Re: How to do faster DML

Lok P <loknath.73@xxxxxxxxx> · Tue, 6 Feb 2024 09:27:38 +0530

On Tue, Feb 6, 2024 at 8:34 AM Greg Sabino Mullane <htamfids@xxxxxxxxx> wrote:
On Sun, Feb 4, 2024 at 3:52 PM Lok P <loknath.73@xxxxxxxxx> wrote:
This table will always be queried on the transaction_date column as one of the filters criteria. But the querying/search criteria can span from a day to a month worth of transaction date data.

In that case, and based on the numbers you provided, daily partitioning seems a decent solution.

What I mean was, we will definitely need the data for querying purposes by the users, but just to keep the storage space incontrol (and to help the read queries), we were thinking of having the historical partitions compressed. And for that , if any compression strategy should we follow on postgres?

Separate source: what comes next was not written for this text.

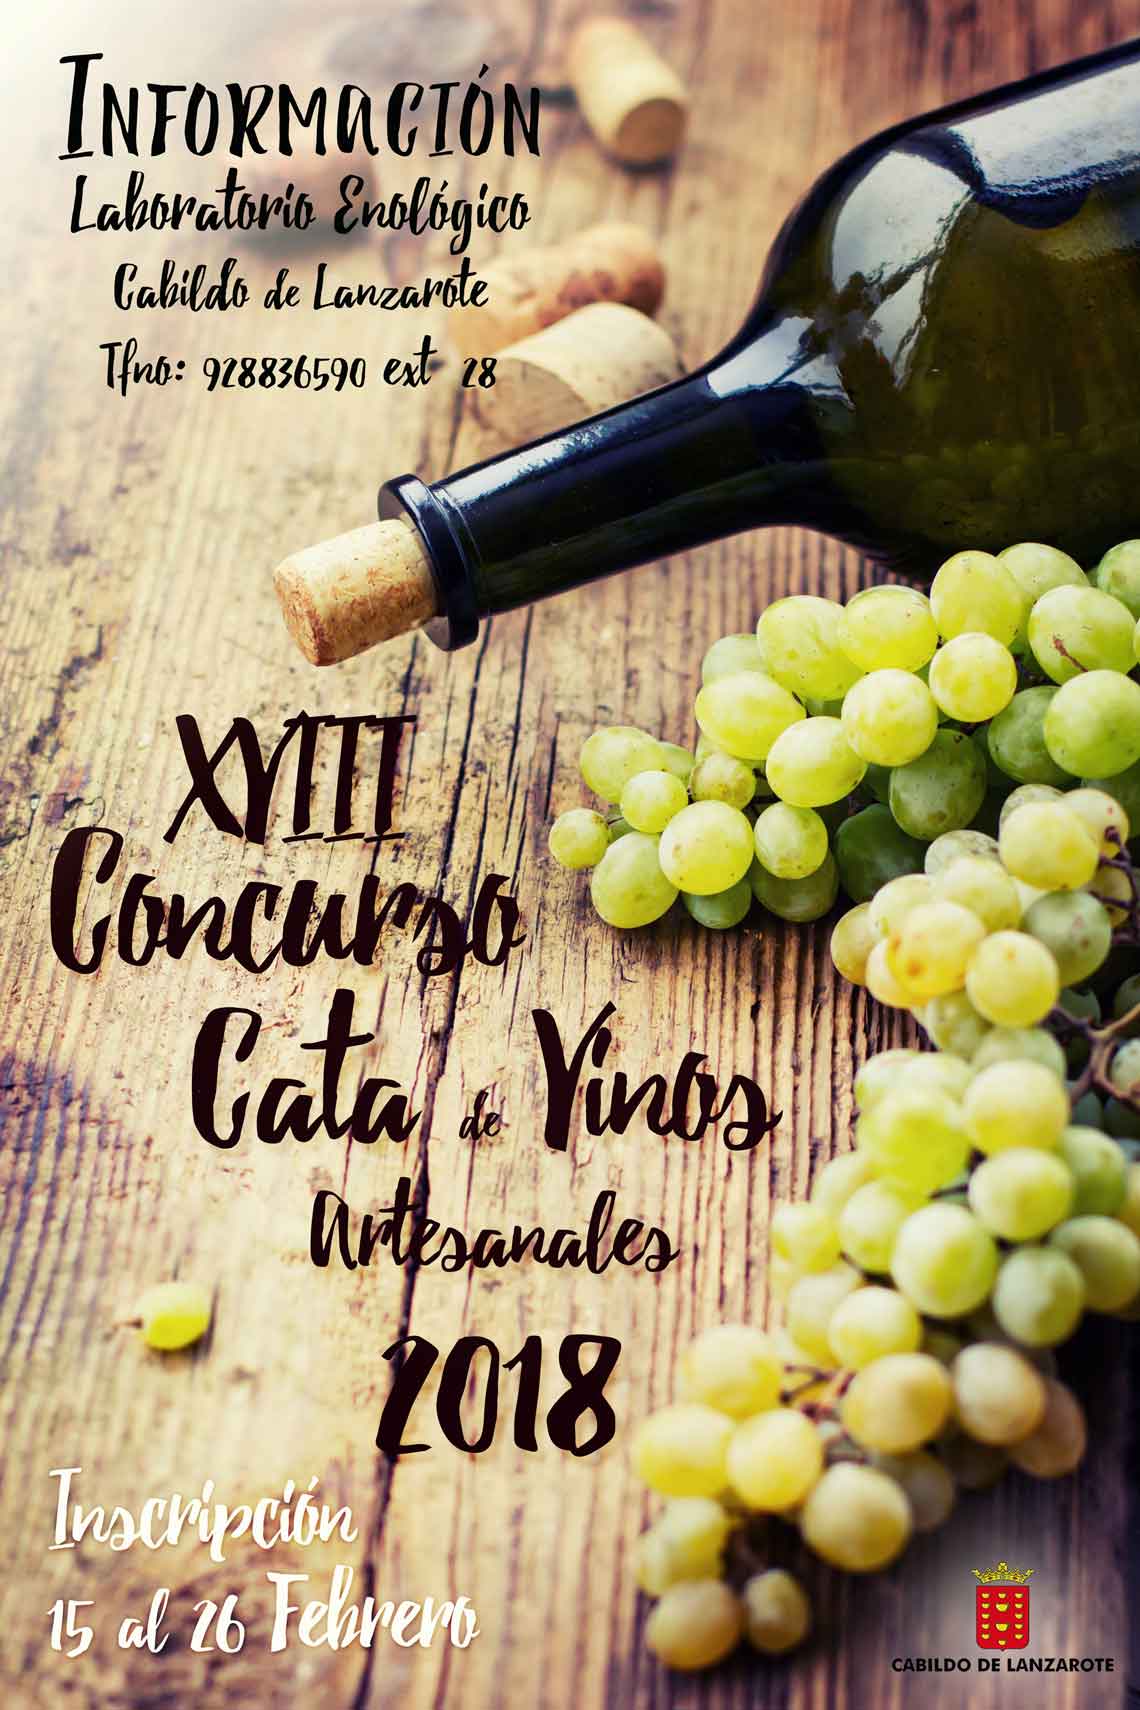 inscripcion XVIII Concurso de Cata de Vinos Artesanales

There is no compression strategy, per se. There are ways Postgres internally compresses the data (see "TOAST"), but in general, the table is either there or not. If space is a concern you should examine if you truly need 127 columns, make sure they are arranged correctly (search for 'postgres column tetris'), and move unused and older partitions elsewhere - like a separate cheaper Postgres server, or something offline.

With regards to loading data to the table faster, wondering why you said 'NO' to load the data first and enabling/Creating the Primary key and Foreign key constraint later approach.

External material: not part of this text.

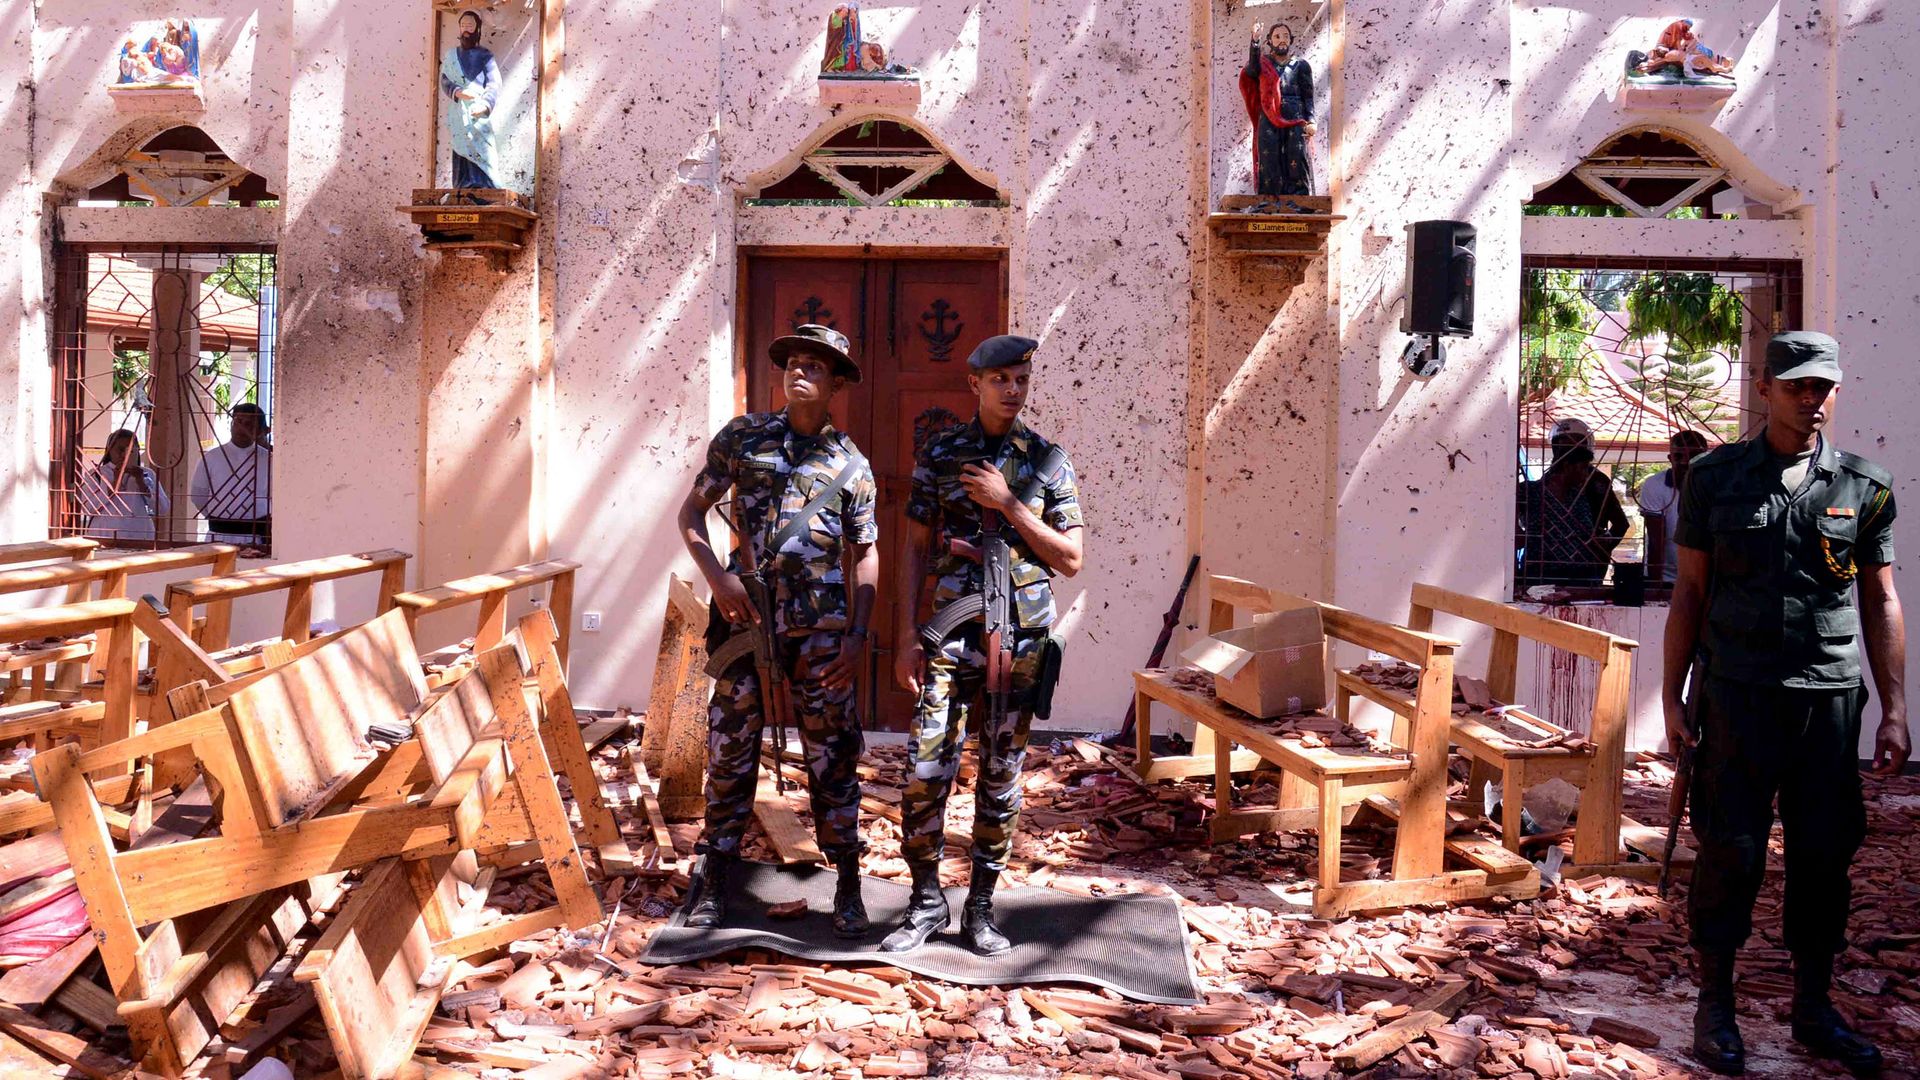  Sri Lankan soldiers look on inside the St Sebastian's Church at Katuwapitiya in Negombo on Sunday.

For an initial load, this is fine, if you do things very carefully. I'd build the child table indexes post load but still feed things into the main table as an initial tradeoff, but YMMV.

Just looked back and saw this is actually Aurora, not Postgres. Most of the advice on this thread should still apply, but be aware that things are not the same as Postgres, especially at the storage layer. For all the money you are giving them, don't forget to bug them as well.

Cheers,
Greg

Thank you so much Greg. That helps.

So when you said "In that case, and based on the numbers you provided, daily partitioning seems a decent solution."
, does it mean that size of the partition (which will be ~100-150GB per partition here) is not an issue for the postgres to serve read latency sensitive queries?

And yes I think you are spot on in regards to the storage. Actually we loaded csv files which were having size summed to ~200GB and I was wondering howcome the table size becomes ~1TB when that data is loaded to the database. I was not aware about the "column tetris" and how postgres padding additional spaces to the column data based on subsequent columns type, still trying to digest the concept. Though we have many columns with NULL values in them. Will try to reorder the column in the table and hopefully , we will be able to really reduce the storage space through that. Will raise a case too.

Regards
Lok